═════ INPUT DATA ═════

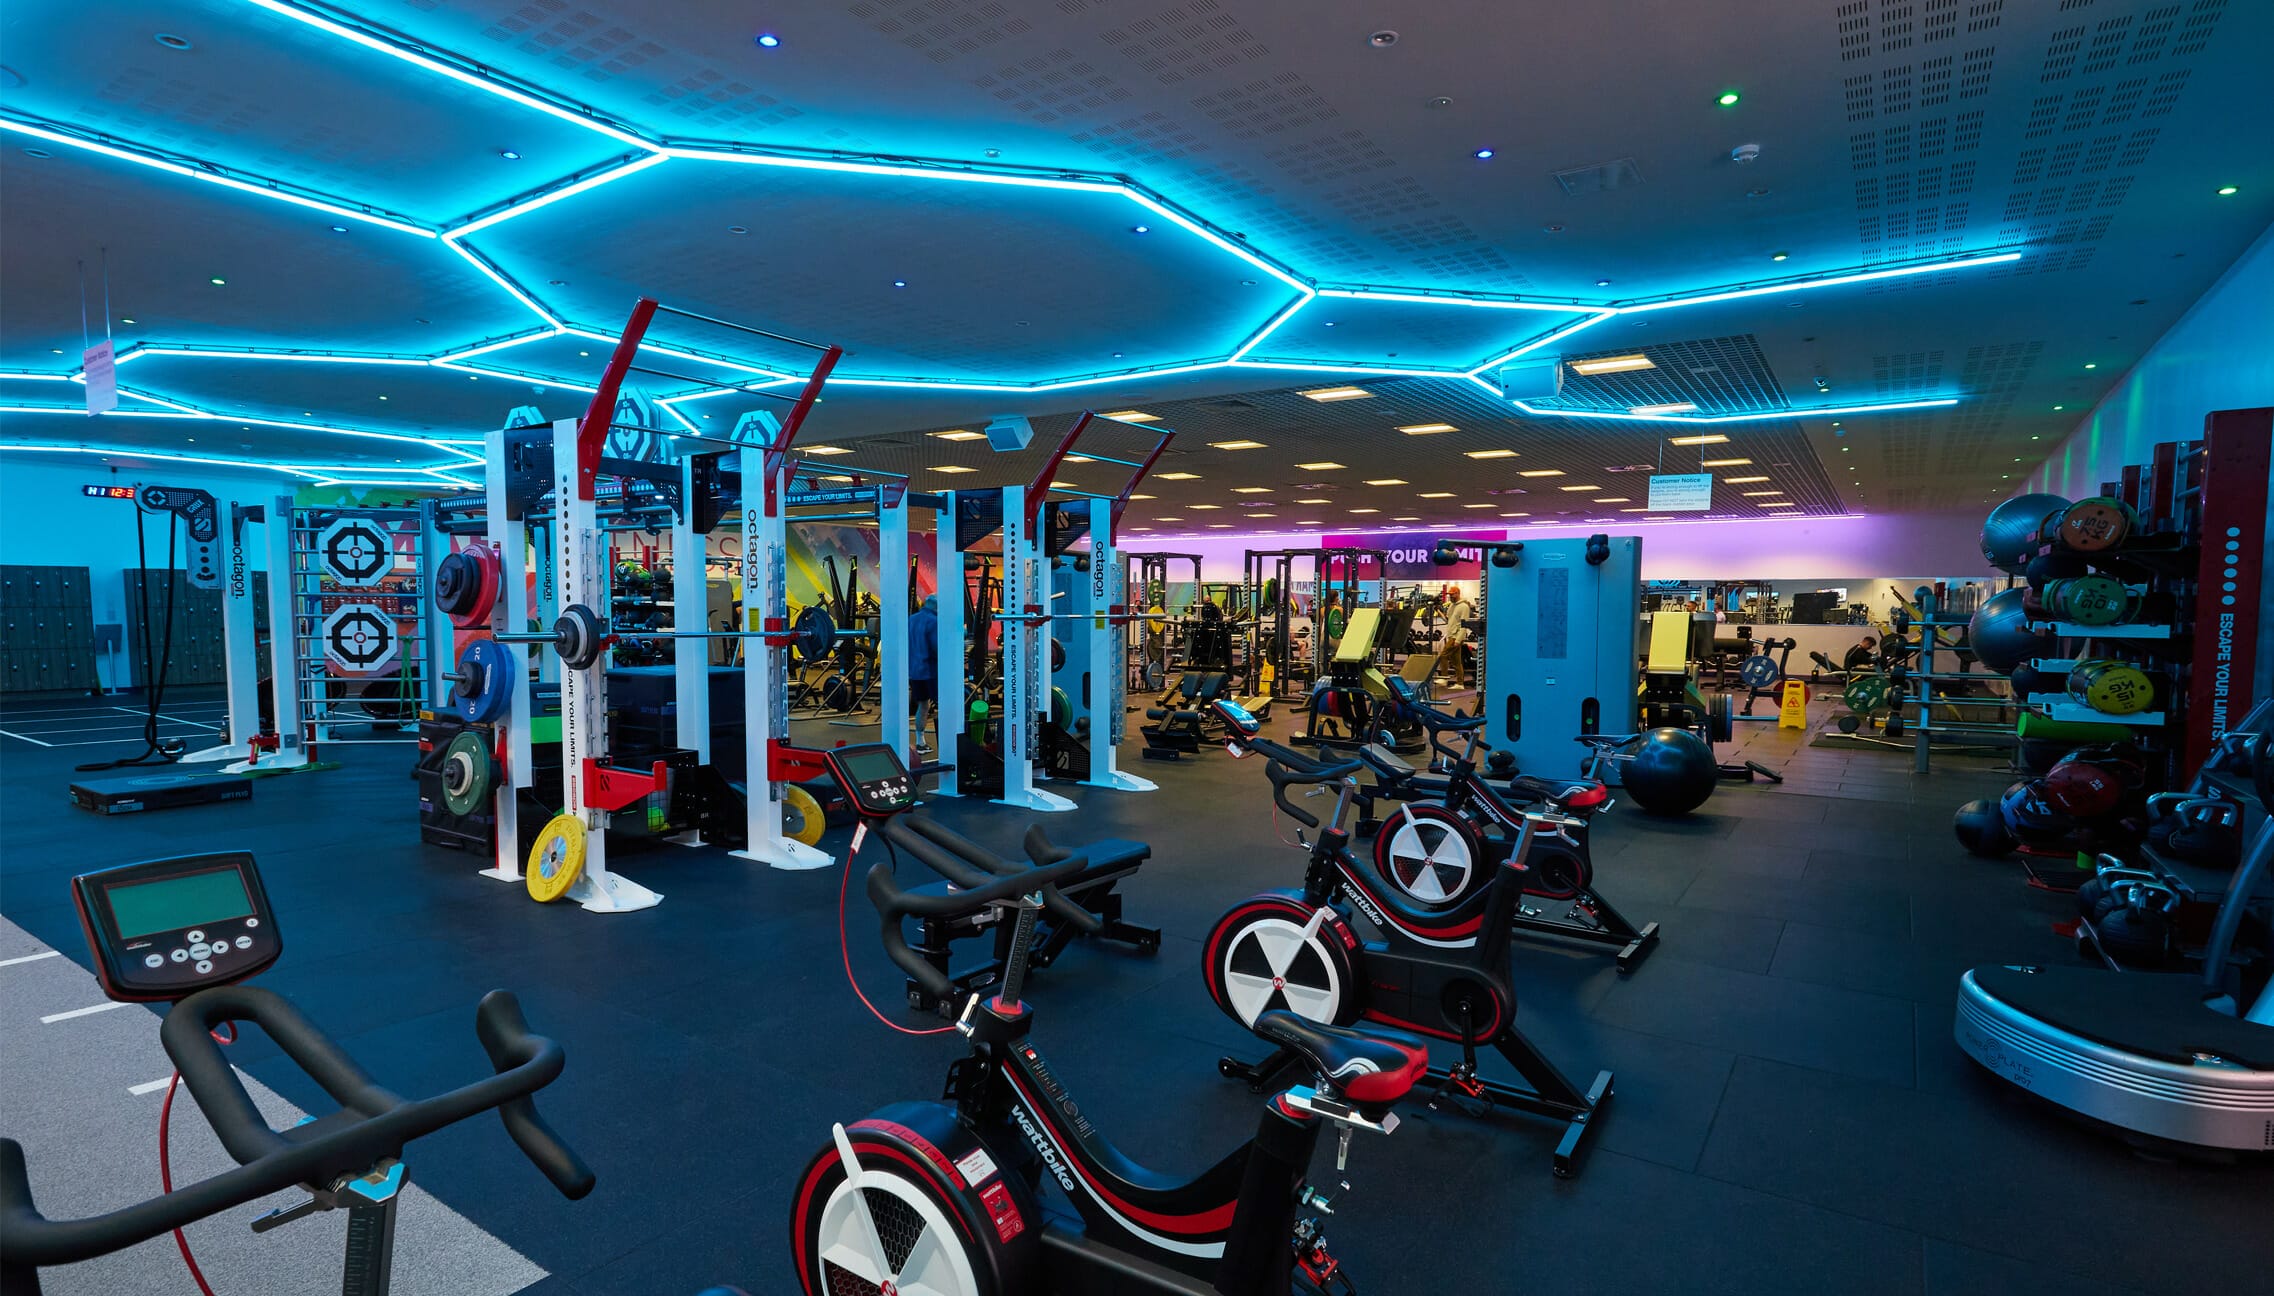 Introducing Junior Studio Cycling and Family Gym
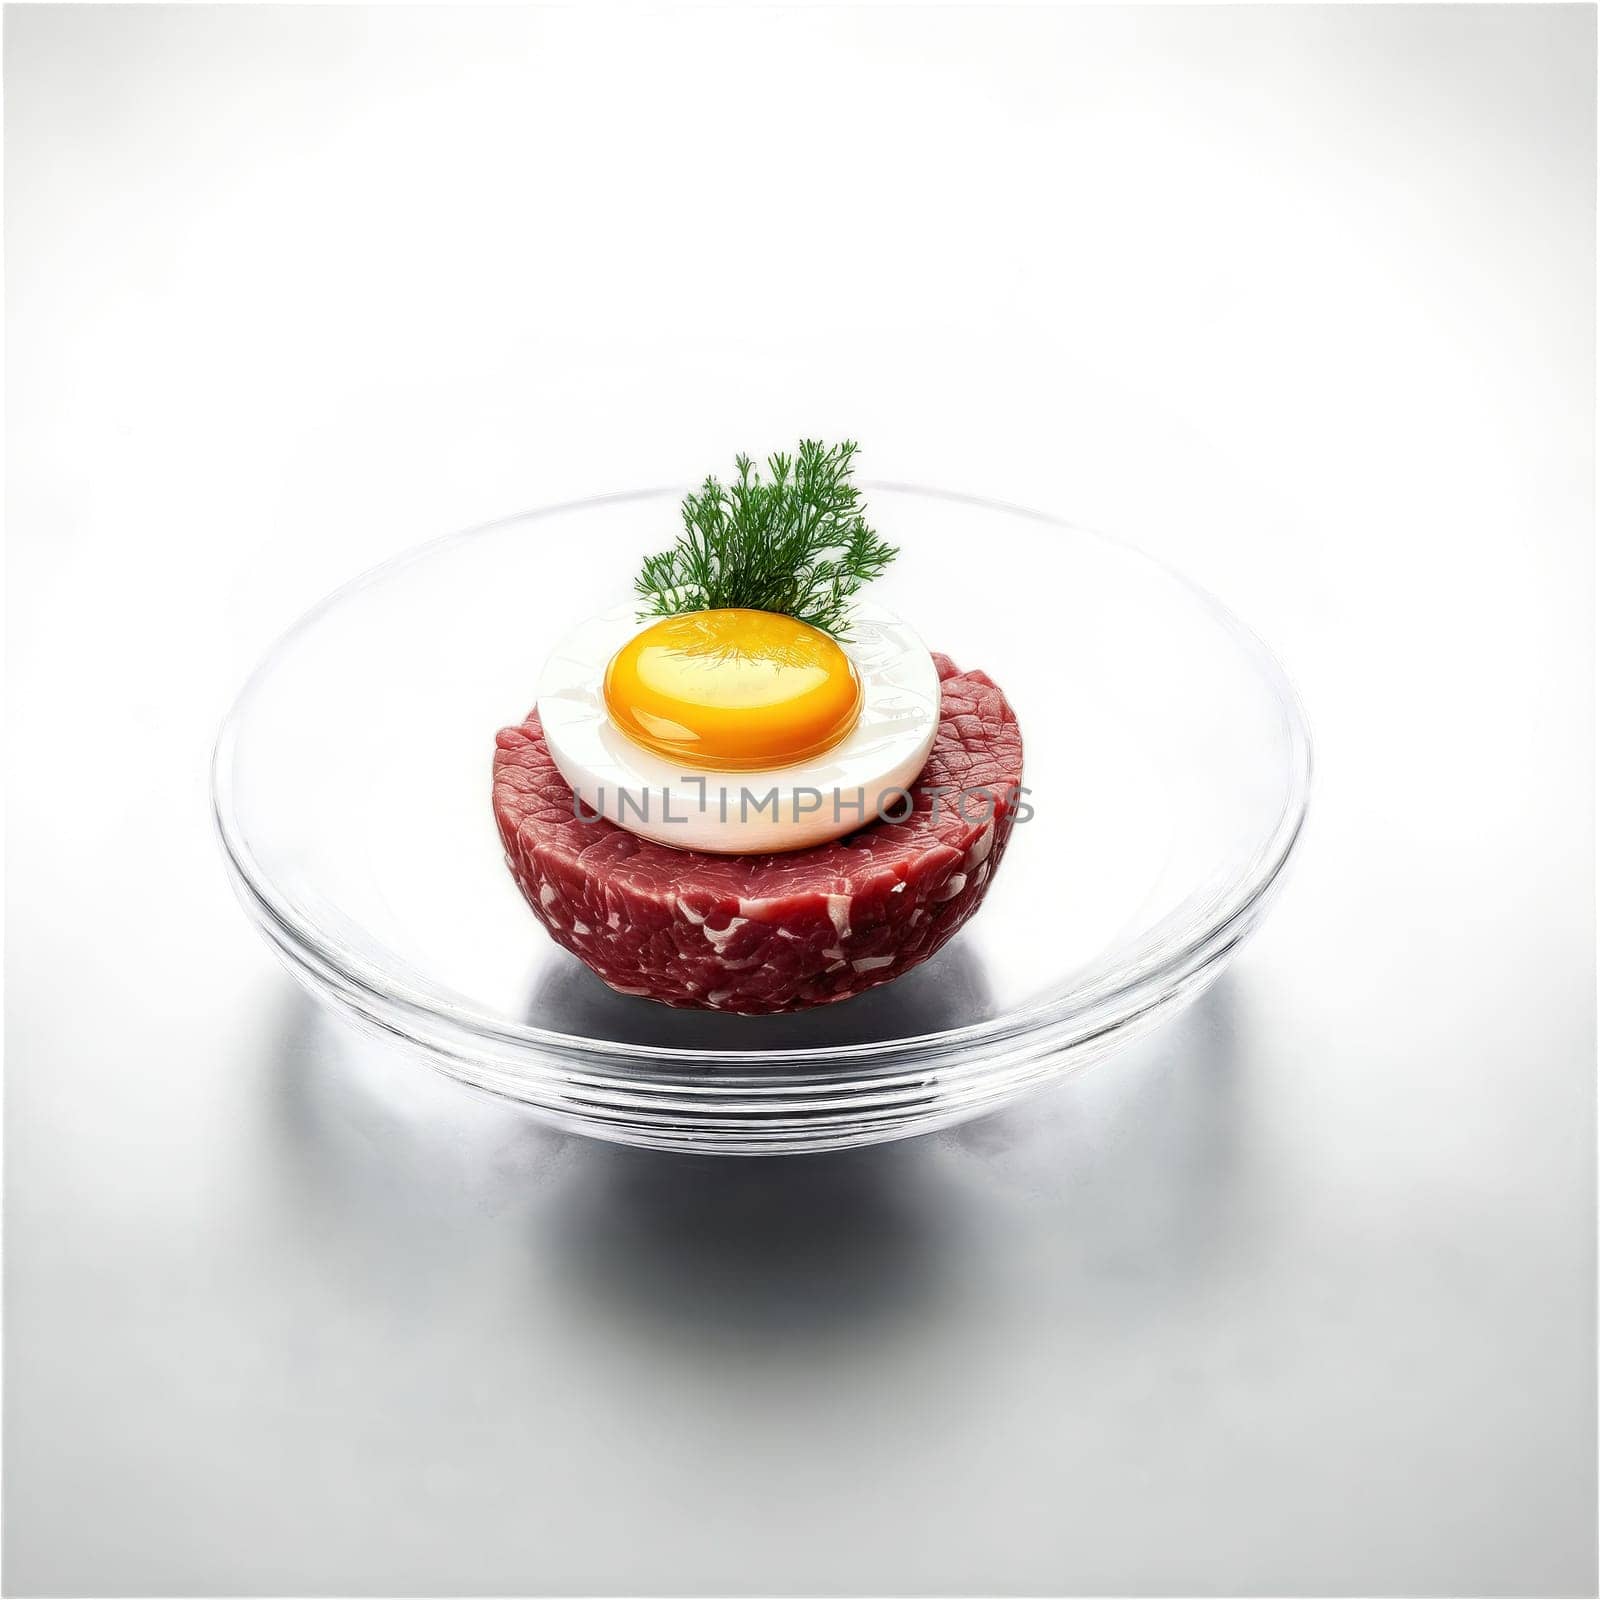 Steak tartare quail egg hand chopped raw beef mound golden yolk nestled in glass bowl by panophotograph
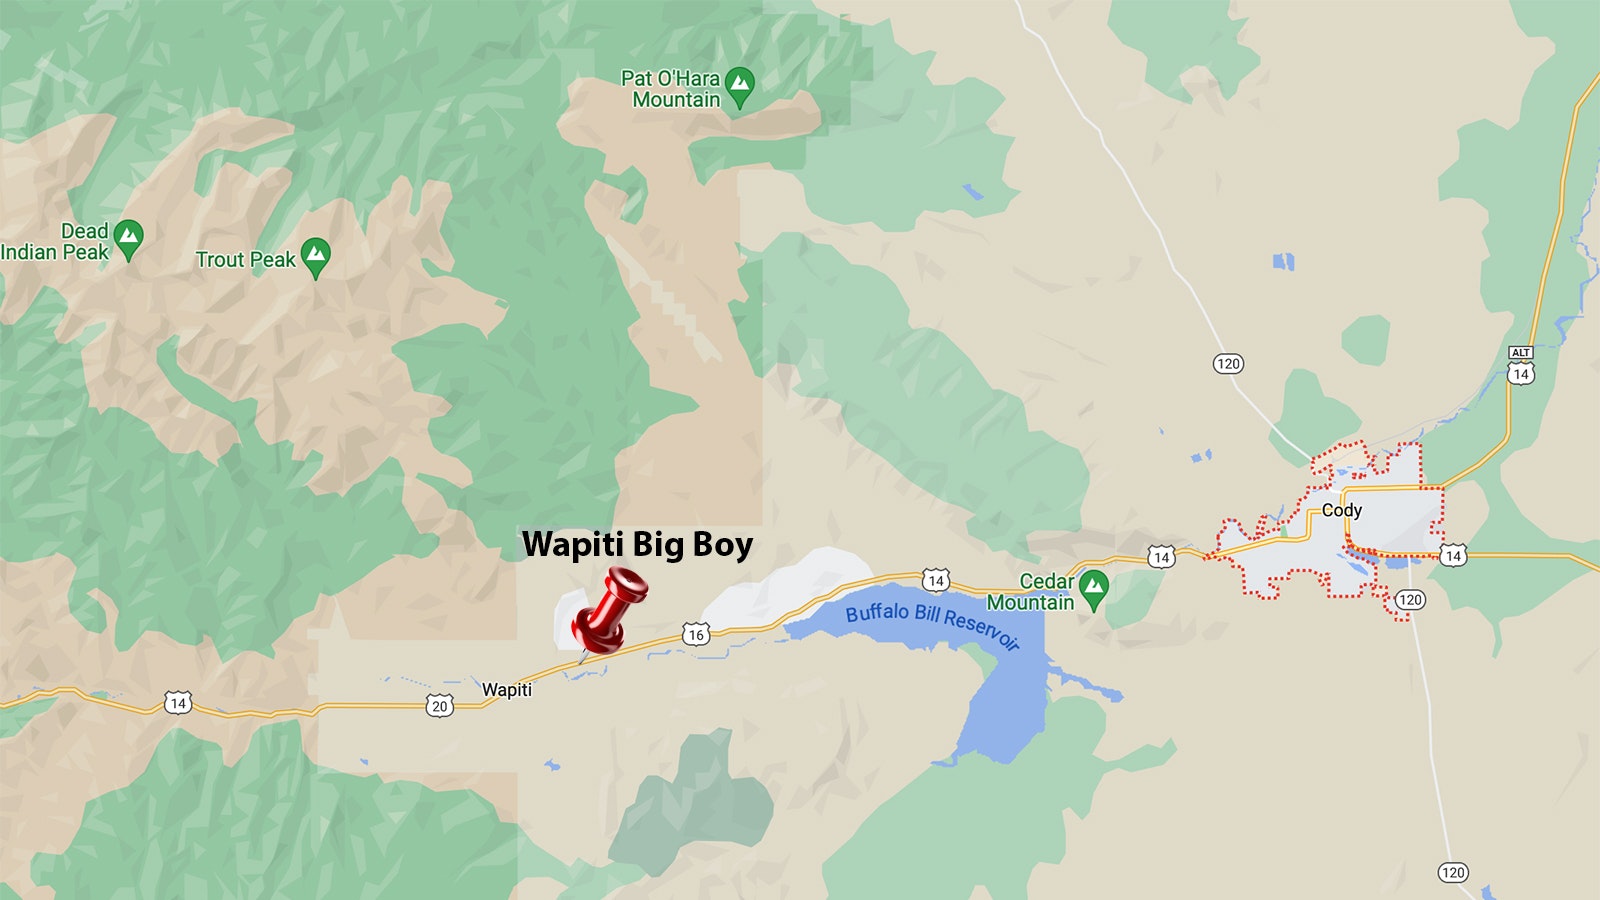 The approximate location of where to look for a glimpse of the Wapiti Big Boy west of Cody along U.S. Highway 14/16/20.

═════

Using the material above, set down every line exactly, but skip the pictures.

▶ _OUTPUT_
 Introducing Junior Studio Cycling and Family Gym
 Steak tartare quail egg hand chopped raw beef mound golden yolk nestled in glass bowl by panophotograph
 The approximate location of where to look for a glimpse of the Wapiti Big Boy west of Cody along U.S. Highway 14/16/20.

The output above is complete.